If the North opposed direct taxation it would make sense, as “a local interest is not always postponed to the general interest. But that a southern state should hearken to the measure, and be ready to sacrifice its local interest as well as the general interest, admits of no rational explanation to which I am competent.”
But the real thrust of Madison’s argument for direct taxation was not from regional interests—quite the opposite. Madison wrote, “I approve of this part of the Constitution because I think it an essential provision for securing the benefits of the Union: the principal of which are the prevention of contests among the states themselves: secondly, security against danger from foreign nations.”

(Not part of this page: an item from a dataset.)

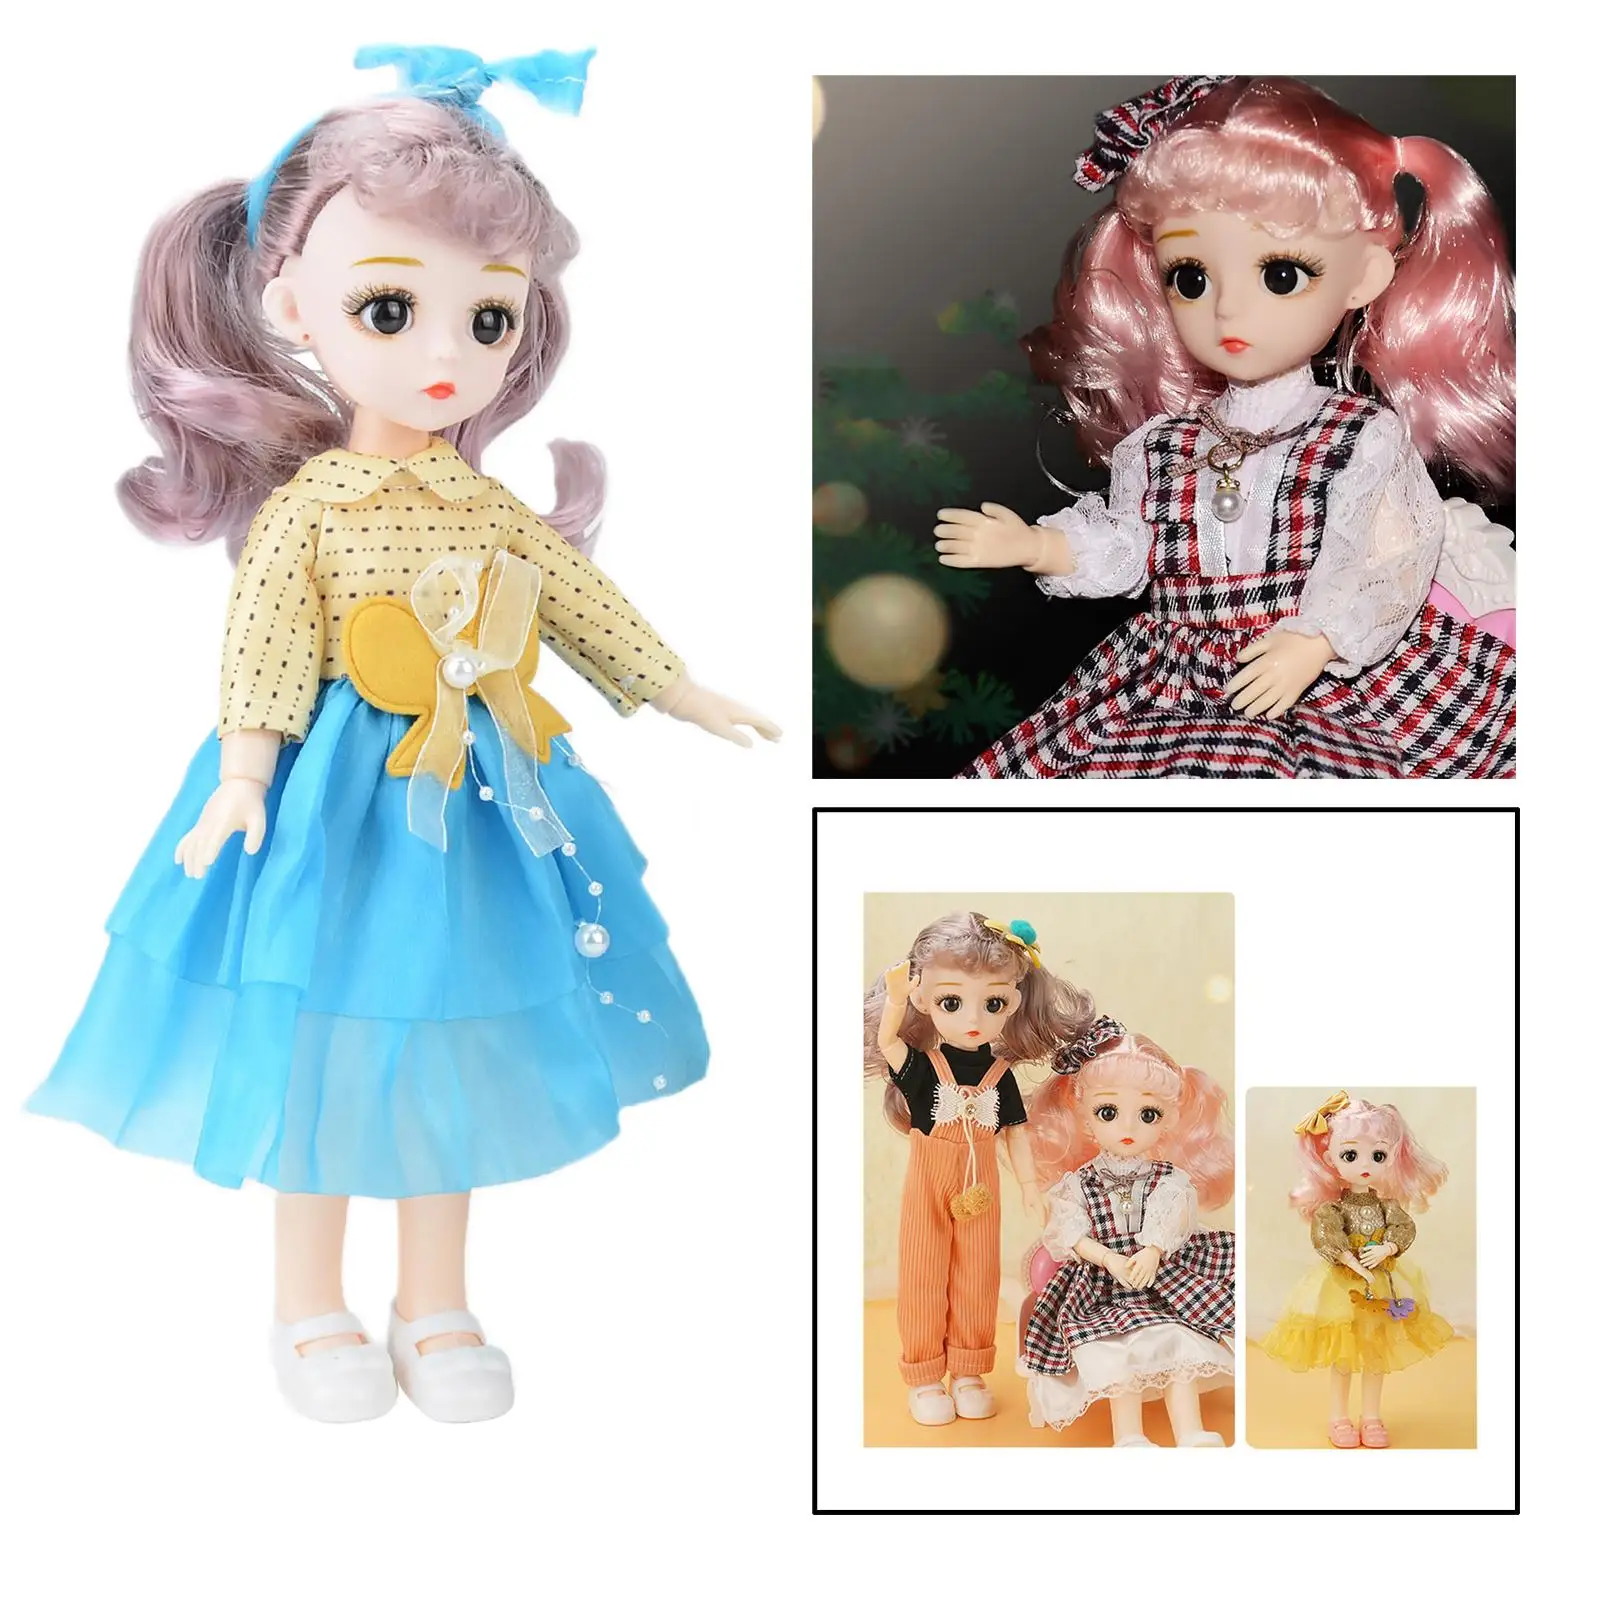 Adorable 12inch Doll Girl Doll 11 Flexible Joint Ball Joint Dolls Fashion Doll for Kids Toys with Dress Play Doll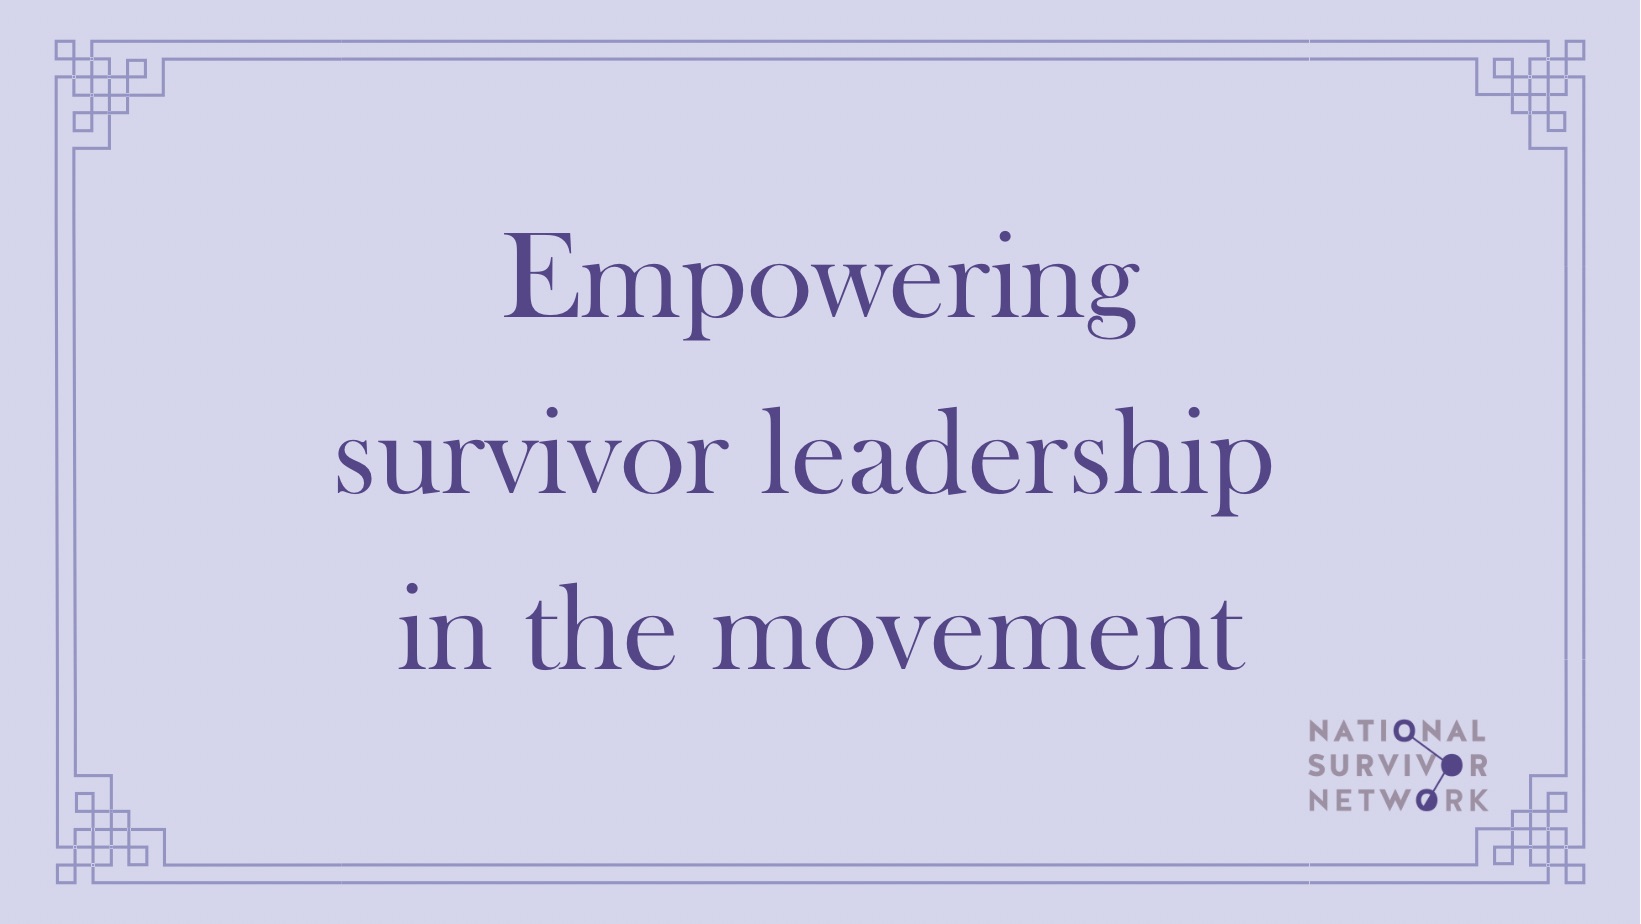 Image says "Empowering survivor leadership in the movement"

Contests between the states could not be prevented so long as each does not “bear its just share of pu
blic burdens,” Madison wrote:If some states contribute their quotas and others do not, justice is violated.... The question to be considered then is which of the two systems, that of requisitions or that of direct taxes, will best answer the essential purpose of making every state bear [its] equitable share of the common burdens. Shall we put our trust in the system of requisitions, by which each state will furnish or not furnish its share as it may like? Reason tells us this can never succeed. Some states will be more just than others . . . some will be more patriotic; some will be more, some less immediately concerned in the evil to be guarded against or in the good to be obtained. Those who furnish most will complain of those who furnish least. From complaints on one side will spring ill-will on both sides; from ill will, quarrels; from quarrels, wars; and from wars a long catalog of evils including the dreadful evils of disunion.... Such is the lesson history teaches us.
Holland was struggling to defend against Spain with two of its seven provinces failing to pay their quotas. “A government which relies on 13 individual sovereigns for the means of its existence is a solecism in theory and a mere nullity in practice,” Madison wrote to Thompson. What would be the outcome if every county in Virginia were free and independent to pay their due as they saw fit, when they saw fit? Shall the Commonwealth “depend upon their generosity?” Look to the Dominion of New England, Madison argued, in which colonies including Massachusetts, Connecticut, and New Hampshire had confederated for mutual defense against the Indian tribes and the French. The requisition was “violated with impunity and only regarded when it coincided perfectly with the views and immediate interests of the respective parties.” Massachusetts was less exposed than the others and better armed, and thus refused to render contributions for the protection of its neighbors.